- Task description
Your task is to output the listing word for word, with pictures excluded.

- Data section
● ● ● ● ●

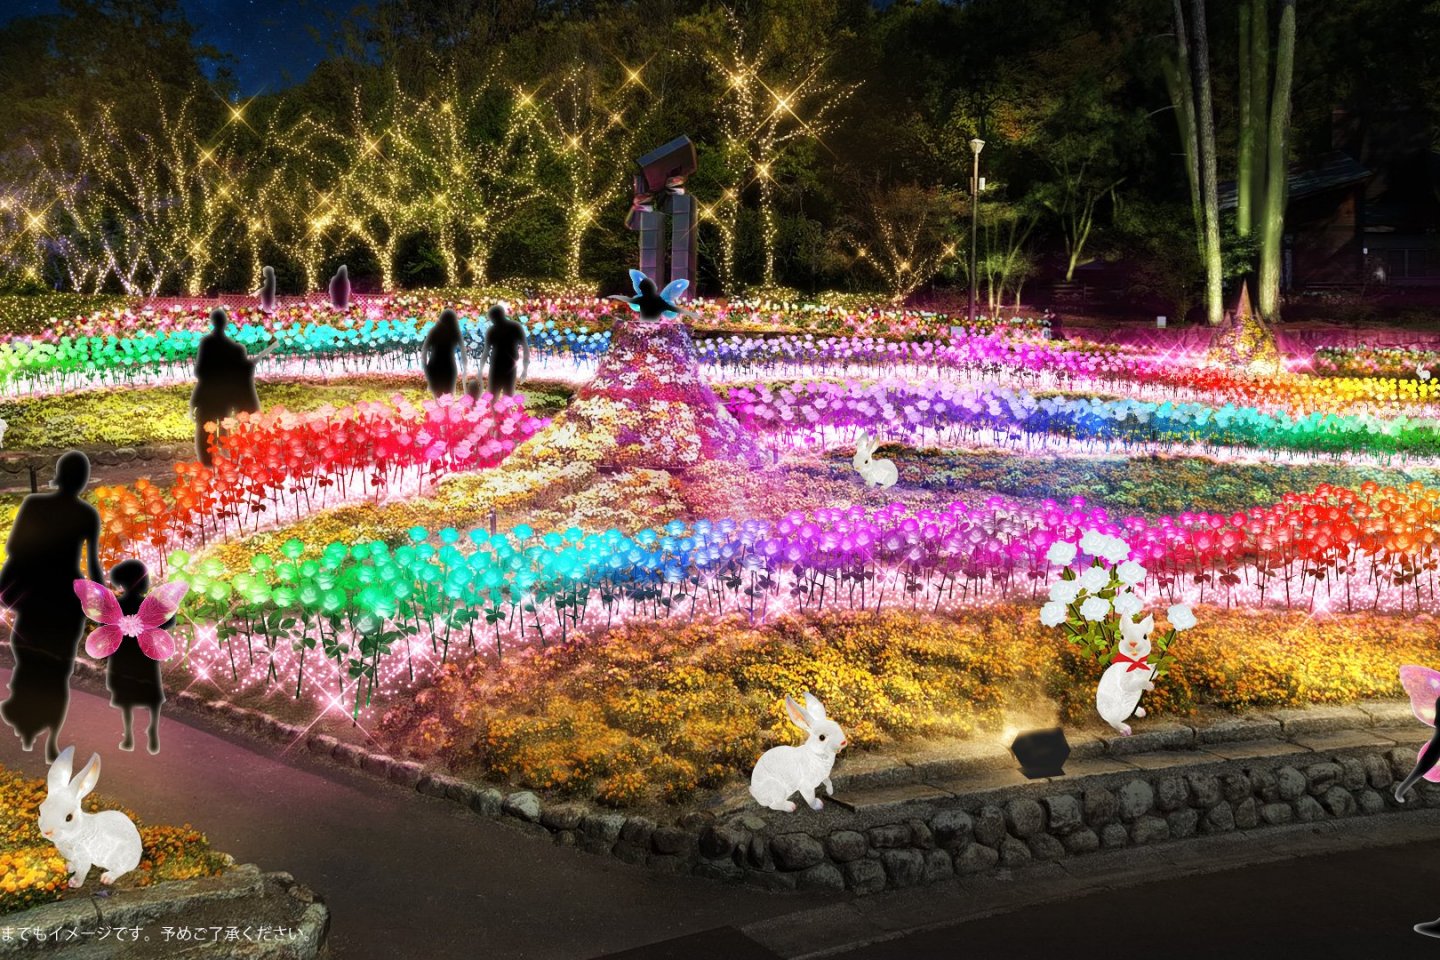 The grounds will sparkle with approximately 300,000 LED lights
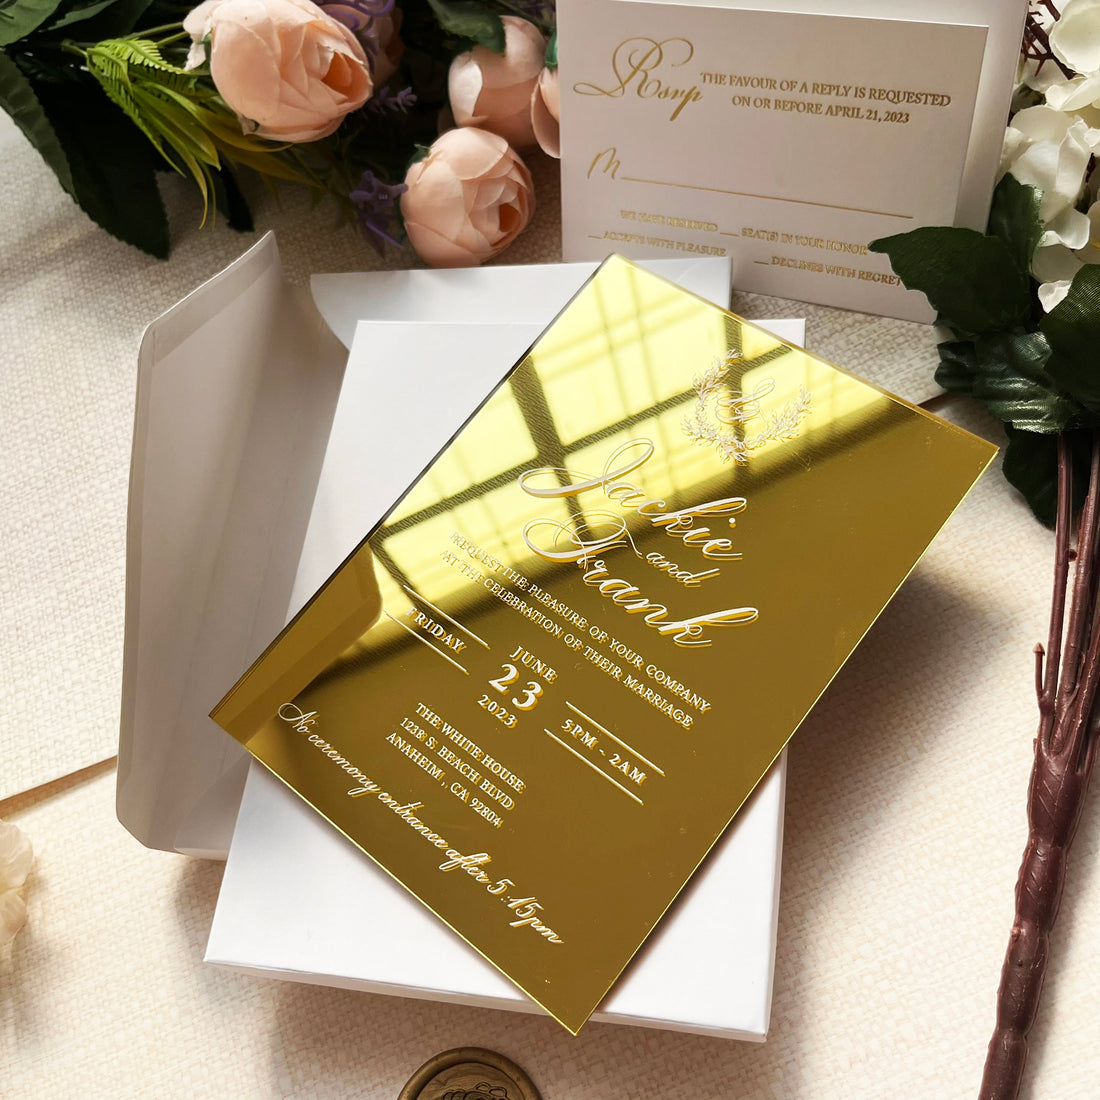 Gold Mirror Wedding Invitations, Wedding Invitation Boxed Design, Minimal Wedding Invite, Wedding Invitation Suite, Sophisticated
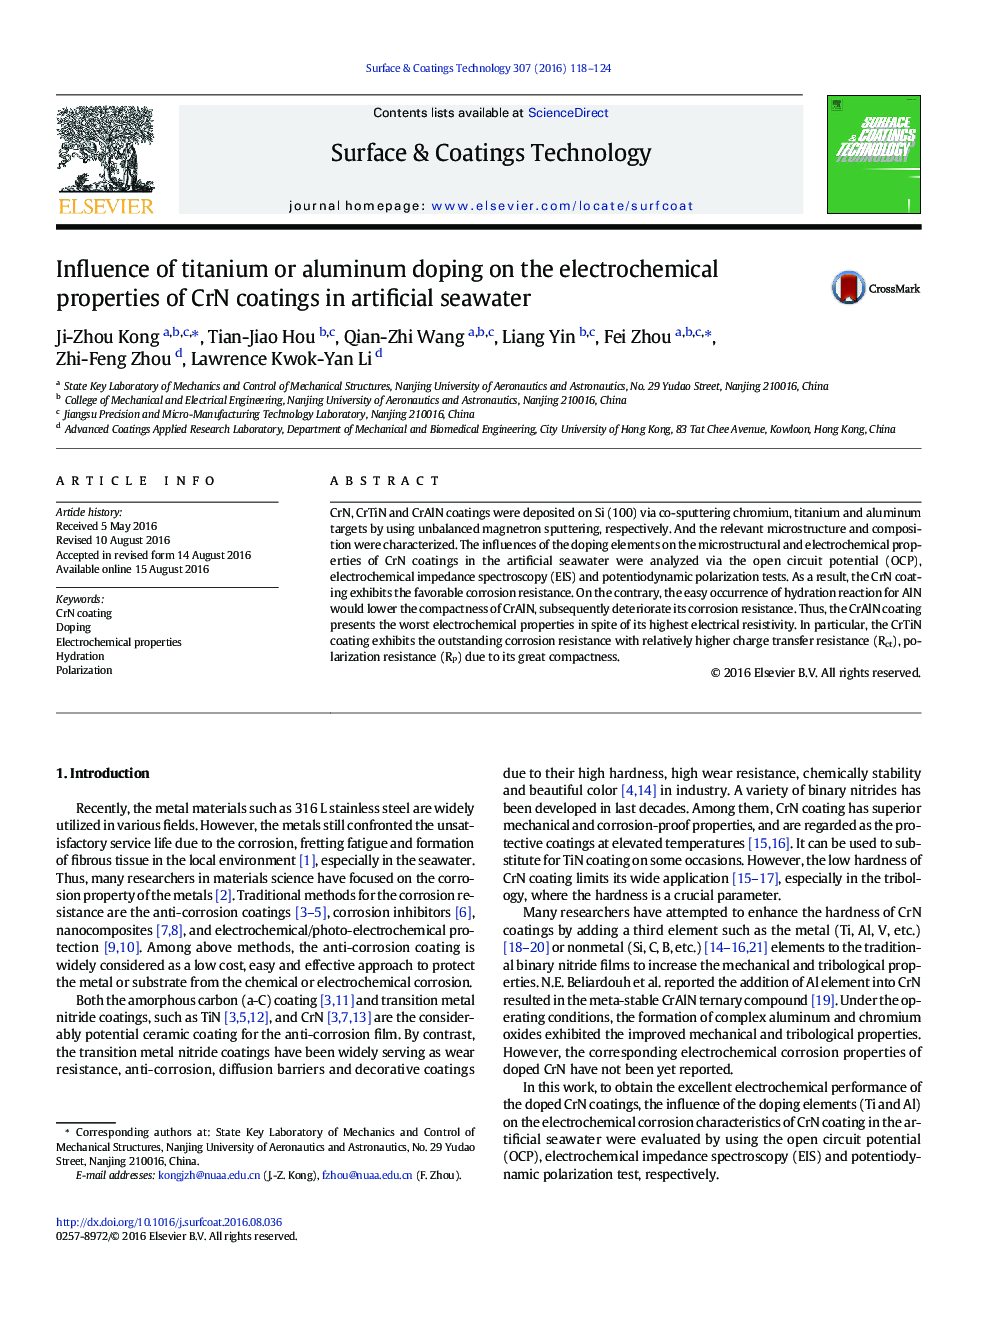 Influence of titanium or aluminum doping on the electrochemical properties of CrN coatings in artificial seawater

● ● ● ● ●

- Problem solution
 The grounds will sparkle with approximately 300,000 LED lights
 Gold Mirror Wedding Invitations, Wedding Invitation Boxed Design, Minimal Wedding Invite, Wedding Invitation Suite, Sophisticated
 Influence of titanium or aluminum doping on the electrochemical properties of CrN coatings in artificial seawater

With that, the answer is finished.